I wish if they create "mychinesecartoonlist" to announce that kind of articles ....

ANIME IS ONLY JAPANESE

May 18, 5:21 AM by tragedydesu

Rayrin said:
Please China, just do more Jackie Chan movie and stay the hell away from animation. Your "anime" sucks

I'd have to disagree. Some of their animated movies are really great like Big Fish & Begonia.

May 18, 4:20 AM by Z4k

China always amaze me.
this is a step forward for China, i hope they adapt their own web novel cause most of their novel are good.
i hope to see their animation in the near future, good luck China!

May 18, 2:32 AM by Vonatra

China market is super large, that's a good news for anime creators.

May 18, 2:09 AM by AJohnson92

Hope they adapt their own novel, i long to see Coiling Dragon or Against the God animated. Just not Tale of Demons and Gods i already tired waiting for author to update the novel cause he busy with manwha

May 18, 12:46 AM by Duck_knight

Chinese animation has huge potential

May 17, 10:35 PM by Woraken

I'm afraid if they're trying to convince people Chinese animation is worth watching with Bloodivores they're going about it wrong.

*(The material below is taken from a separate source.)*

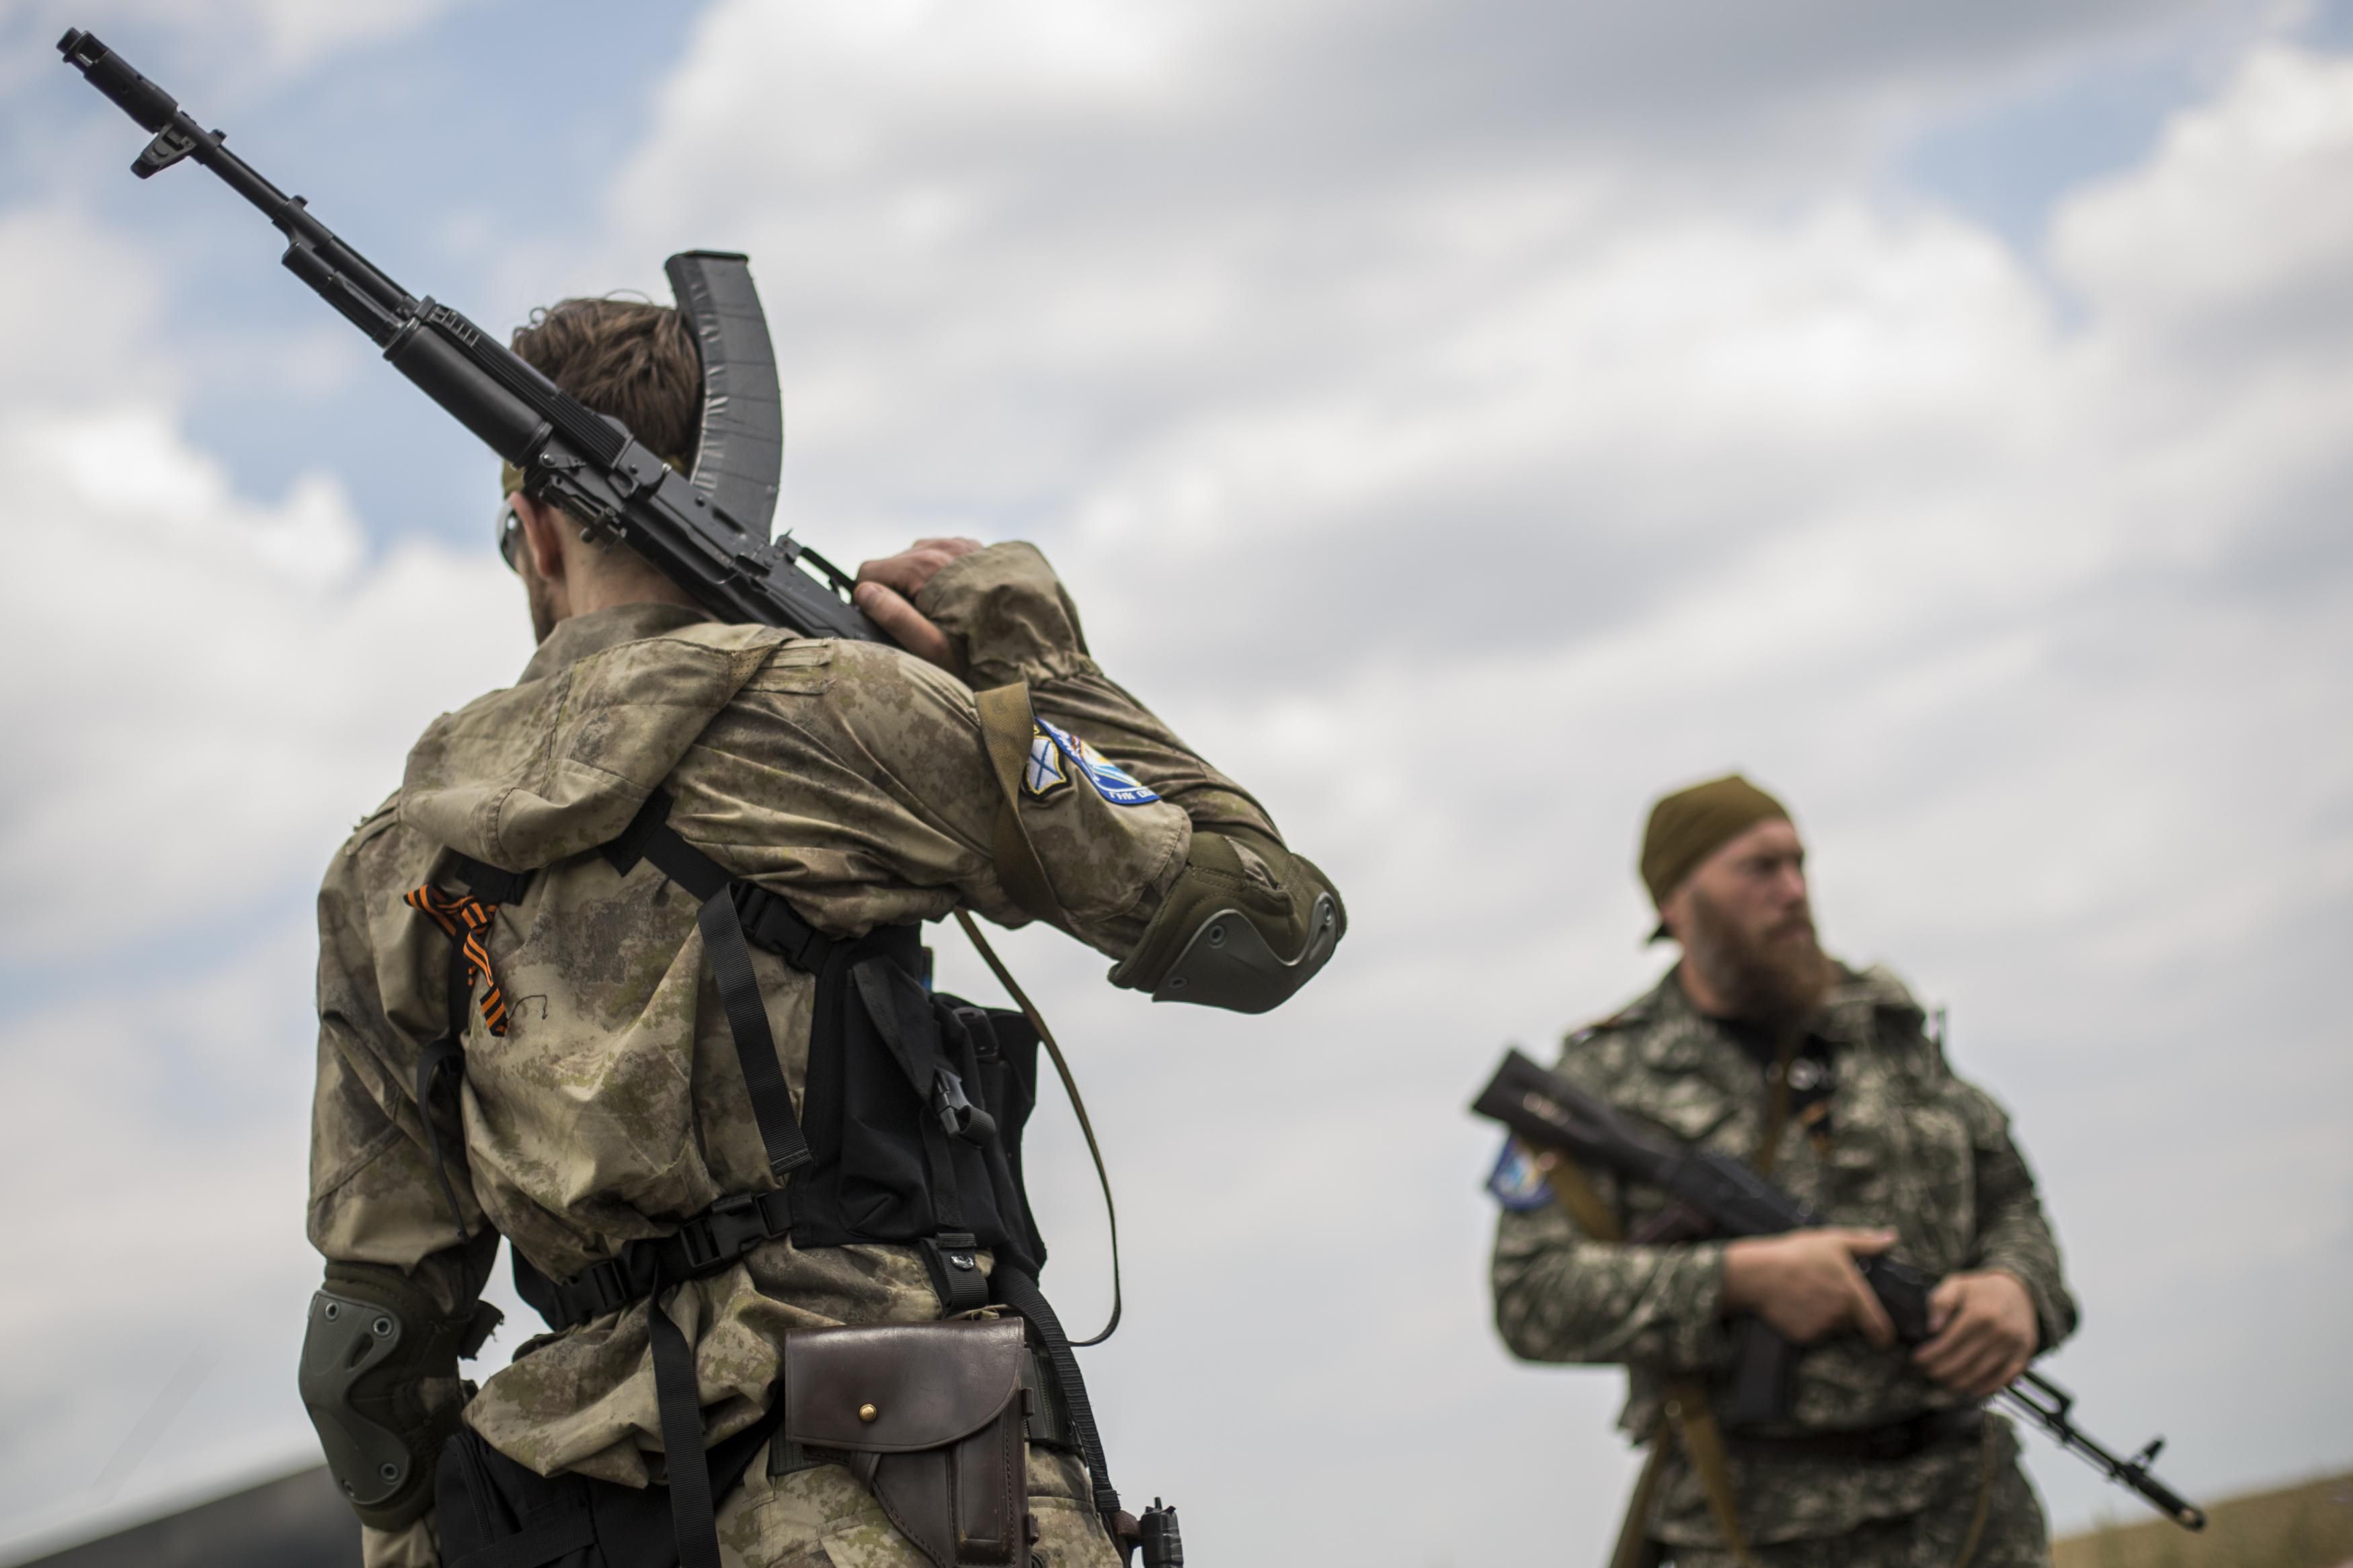  Разведка на Донбассе - боевики хотят привлекать казаков с территории России

May 17, 9:42 PM by CatSoul

Please China, just do more Jackie Chan movie and stay the hell away from animation. Your "anime" sucks

May 17, 9:13 PM by Rayrin

China being one step closer to conquering the world, perfecting the craft of japanese animus.

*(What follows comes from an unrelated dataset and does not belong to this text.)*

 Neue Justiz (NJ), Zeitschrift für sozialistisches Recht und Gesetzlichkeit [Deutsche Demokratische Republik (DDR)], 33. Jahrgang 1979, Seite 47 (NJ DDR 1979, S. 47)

May 17, 8:53 PM by OppaiSugoi

tragedydesu said:
KaiserNazrin said:


Clearly never watch King's Avatar.

i really hate chinese voice acting
so not sure if i should give it a try or not

i'd say its worth a try
the voice acting isnt that great yes, but it's decent
but the story, art make up to it

May 17, 6:29 PM by ryukan

Some people see this as a problem, I do not see it this way: it can open many doors, and generate a diversity of works like we've never seen before. The Chinese market can warm up the market for animators, as well as investing in the formation of the market. Apart from that, although no one seeks to know about it, some Chinese animators already work for Japanese studios as well as Koreans. If the [$] producers as well as Korean and Japanese entertainers get closer to each other this can be a good thing, not bad!

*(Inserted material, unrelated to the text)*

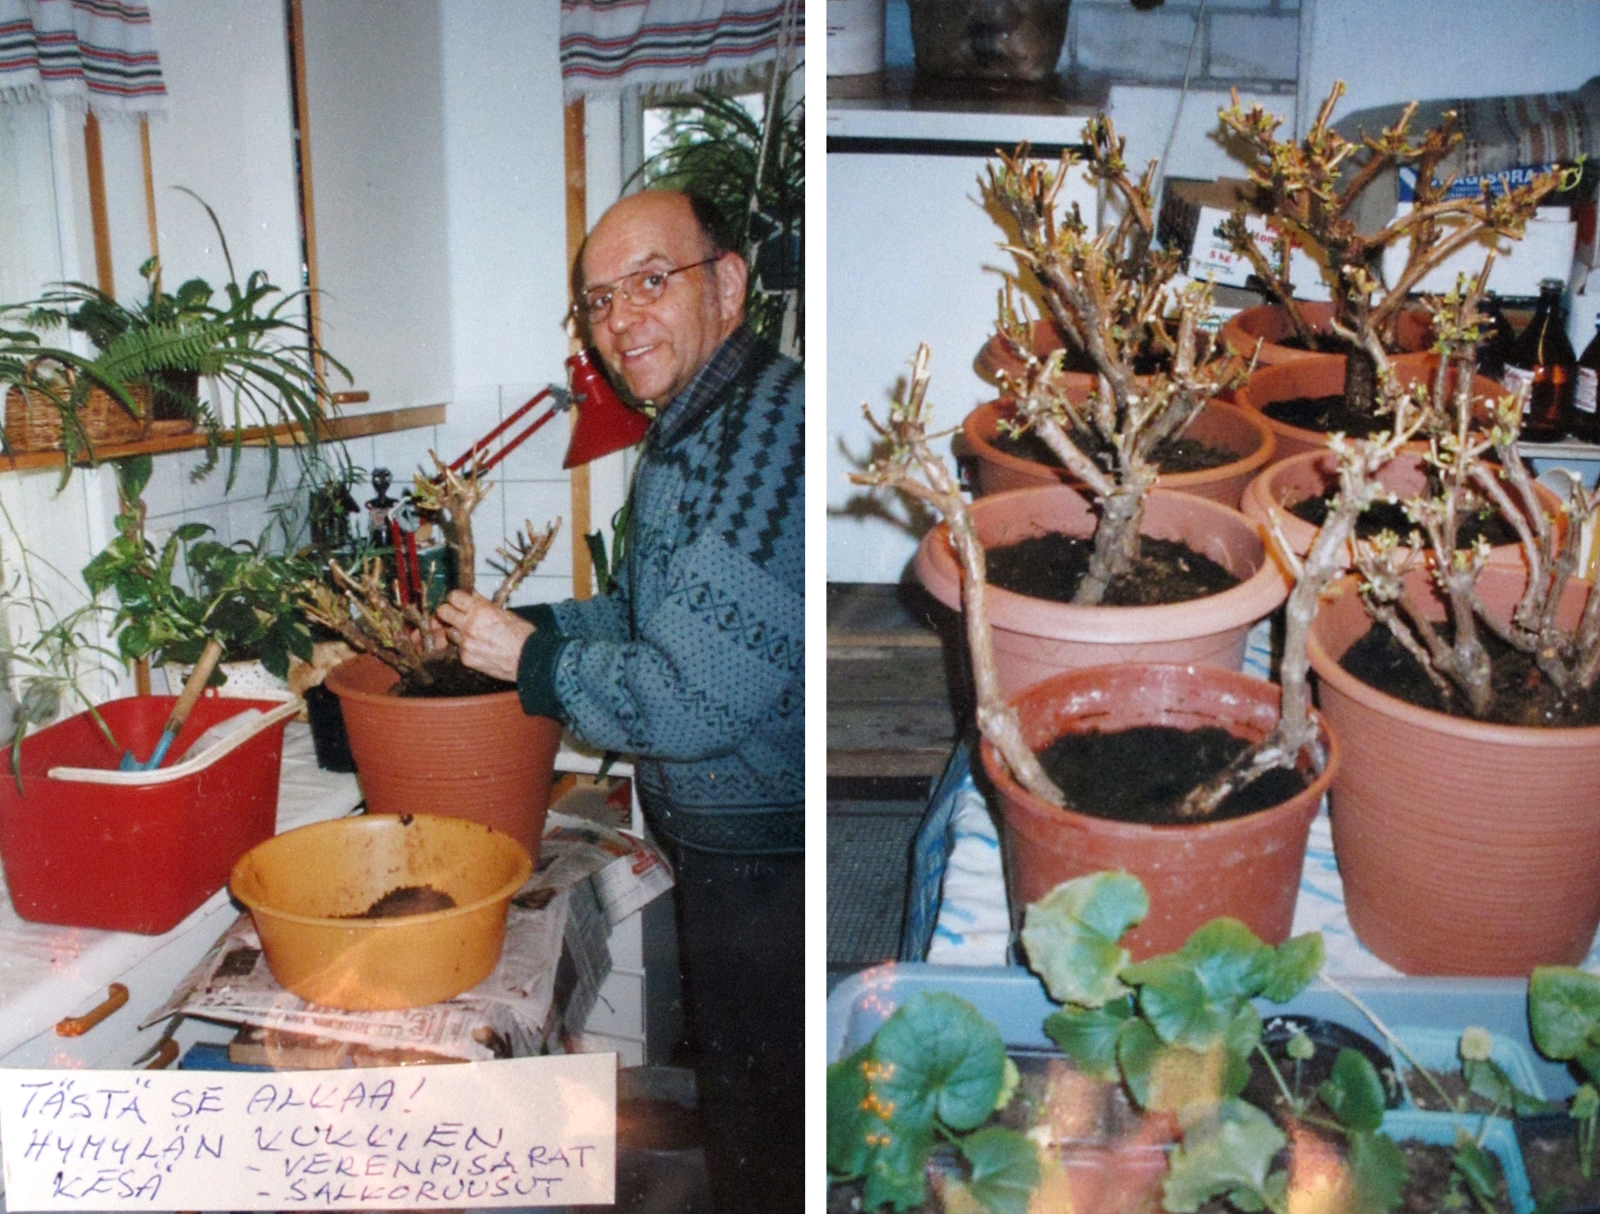 Vuonna 1999 Markku kykeni vielä hoitoleikkaamaan silloin hieman yli kymmenvuotiaat kasviyksilöt. Oikeanpuoleisessa kuvassa näkyykin jo useampi kasviyksilö.

The fact that there is already an opening of the Japanese studios for artists from outside, proves that they are apt to change. If this is a step for the market to become more competitive and fair [salary] then I am not against.

May 17, 5:59 PM by ronie91

I don't know if I want that, I feel the chinese might be a bit too uniform in thinking to create a myriad of quality stories and characters.

May 17, 5:26 PM by EVA-Souls

I definitely think Chinese animation has tons of potential if they continue with the work they've been doing so far, I look forward to seeing what they dish out and how it affects the anime industry.

May 17, 3:05 PM by Ame

In all honesty in some sense of defense for China though? Not really a bad idea for them to even join or infiltrate or try to do the same thing as Japan is doing when it comes to anime. You know what that means right? Probably a higher chance of more countries having this type of stuff opened and such such over. I just mean more if they are trying to get into the industry its not necessarily a bad thing, it just means a higher chance of more interests, thus more open products (perhaps).

Heck to be completely honest... haven't they started to at least be more consistently decent recently on their end that being rather... than being inconsistently bad? I think around Fall 2016 is where I heard the most minor complaints and winter to some extent as well. As far as I am concerned with it. Spring 2017 either and considering I only heard meh to okay things when it comes to Gin no Guardian to Great things from King's Avatar (I might have missed anything from china from this season if so correct me or mention)

May 17, 2:48 PM by Symphyon

only Chinese anime I loved was To Be Hero it had so much charm and provided constant entertainment even with the short run-time it had of 10 minutes.
The other productions of Haoliners I can't exactly say the same most have been almost bad to intolerable. Bloodivores is the only 20 minute TV series I have scored a one and I'm scared to try out the others by the studio in fears that they will be of same quality looking at their mean scores. I'll definitely check out the upcoming Centaru no Nayami though, I hope it won't disappoint.